More than a game about dementia, Before I Forget is really a love story as we learn about how they first met. We get to see photographs accumulated over the years, and letters written to each other, while their busy and ambitious lives take them to different destinations - destinations far away from each other.
More Like This
Research was done into Sunita's condition, including significant consultation with two psychiatrists, Dr Donald Servant and Dr David Codling. But the major influences Ramanan had for the story came from Richard Linklater's Before trilogy of movies - Sunrise, Sunset and Midnight - as well as Pixar's Up.
There's also moments where Sunita's symptoms are depicted - and while some can be unsettling, such as finding every door you open keeps leading back to a cupboard or walking down an ominously lit and unending corridor that you might expect from Hideo Kojima's P.T., Before I Forget never falls into exploitative horror tropes. Sunita is ultimately more than her condition.
More interesting is how her memories are brought back into vivid detail. This is partly emphasised by the game's painterly aesthetic, as colour and detail seeps back into objects you've just rekindled a memory from, as well as the immediate surroundings. But also by literally going back in time through flashbacks.
"People with dementia can get lost in a memory, and transport back to that time," Ramanan explains. "We used that symptom to allow us to see Sunita as a person who has lived a life, not just a person who is sick."
The feedback of Dr Servant and Dr Codling was used to help establish the story timeline, relative to what stage of her condition Sunita is in, to add authenticity, but it also introduced other directions the storytelling could go in. Incidentally, a symptom where 3D objects can become abstracted became the seed for some rather magical moments of stargazing, which also helps us see what inspired Sunita to take up her profession.
Before I Forget is also an important story for South Asian representation, and it does that by quite literally giving marginalised people a voice. Because while the most diverse games in the past decade have arguably come from indie developers, these are also extremely low-budget affairs that can't afford voice actors to help bring their story to life. Before I Forget changes that.

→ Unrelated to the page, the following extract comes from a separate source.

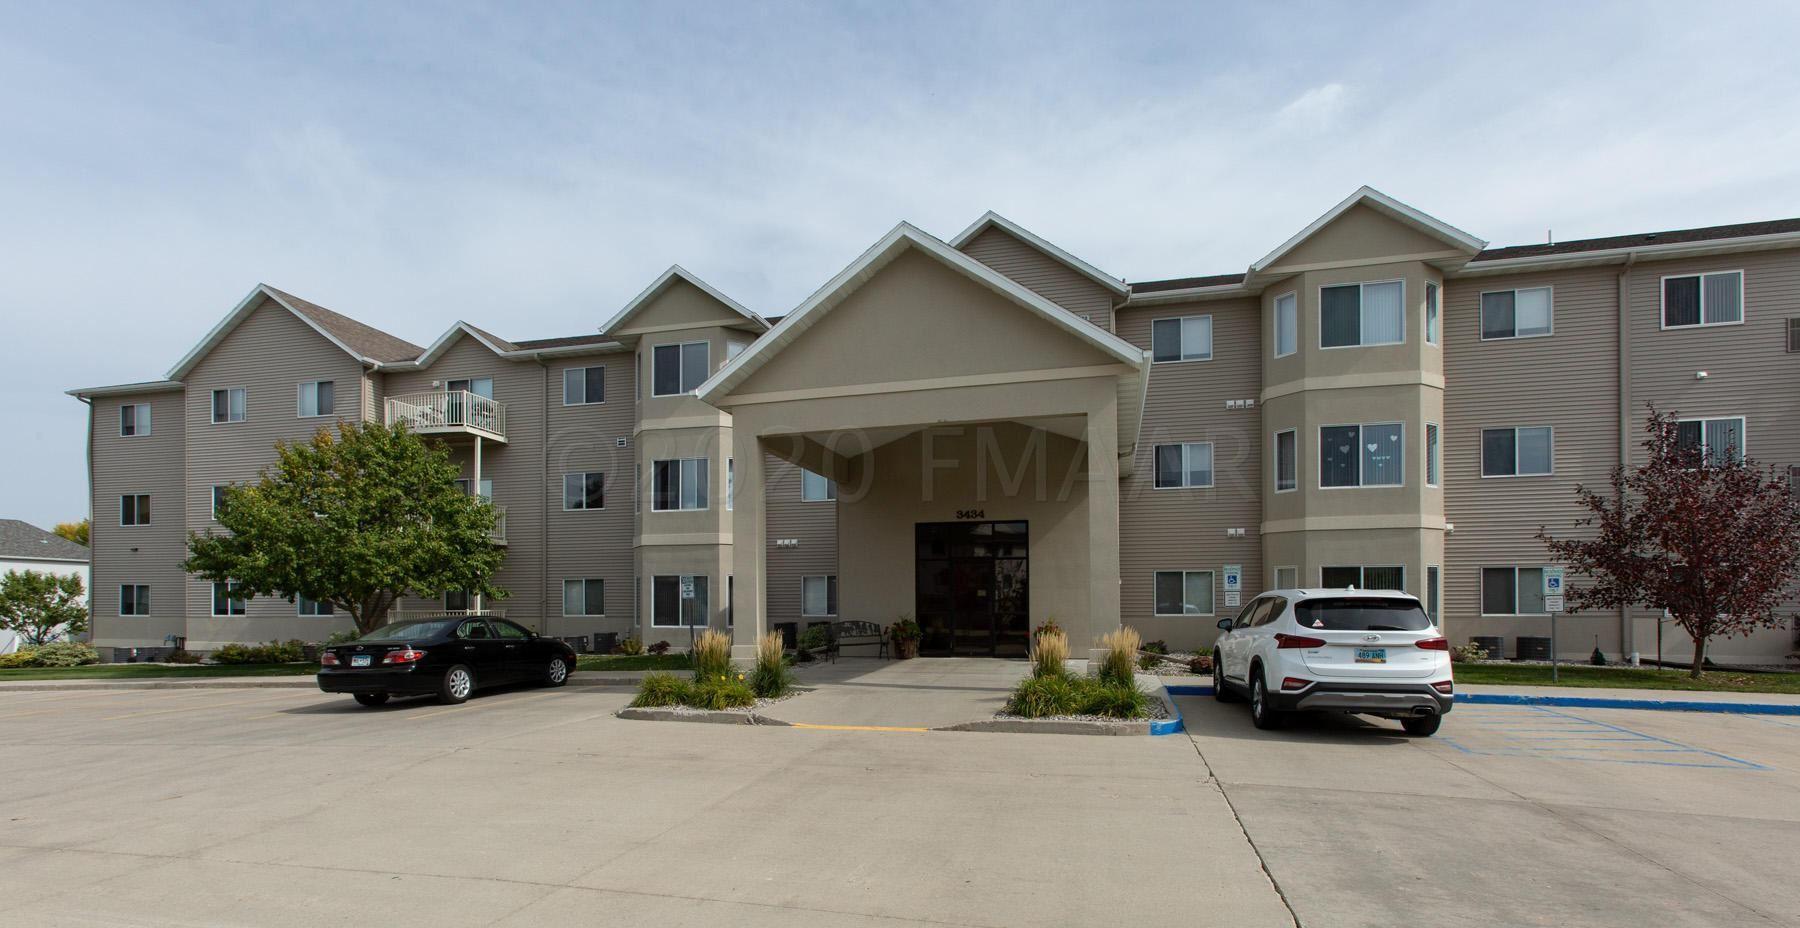 3434 28TH Street SW #305, Fargo, ND 58104 - #: 20-5653

"When we finally got some funding to get us over the finish line, voice-over was one of the first things we decided would elevate production," says Ramanan. "Then it became about finding South Asian actors. In the end we found three amazing women, and we cast them all."
It probably helps that the game is on the short side, so we're not talking about hours of dialogue, but Ramanan is still conscious of how many other smaller indies don't get the investment they deserve to tell their own stories. Ultimately, during your brief time with Sunita, through her voice, her photographs, her letters and memories, you really get to see her as a whole person, who despite her condition has nonetheless lived a very fulfilling life. So even as tragic as an incurable and deteriorating condition like dementia is, and therefore one you can't as a game actually 'win', Before I Forget is still a story of hope.
"Some people have told us it helped them understand a loved one who had dementia," says Ramanan. "And that is more than we could ever hope this short game could do. I mean, that's huge and overwhelming."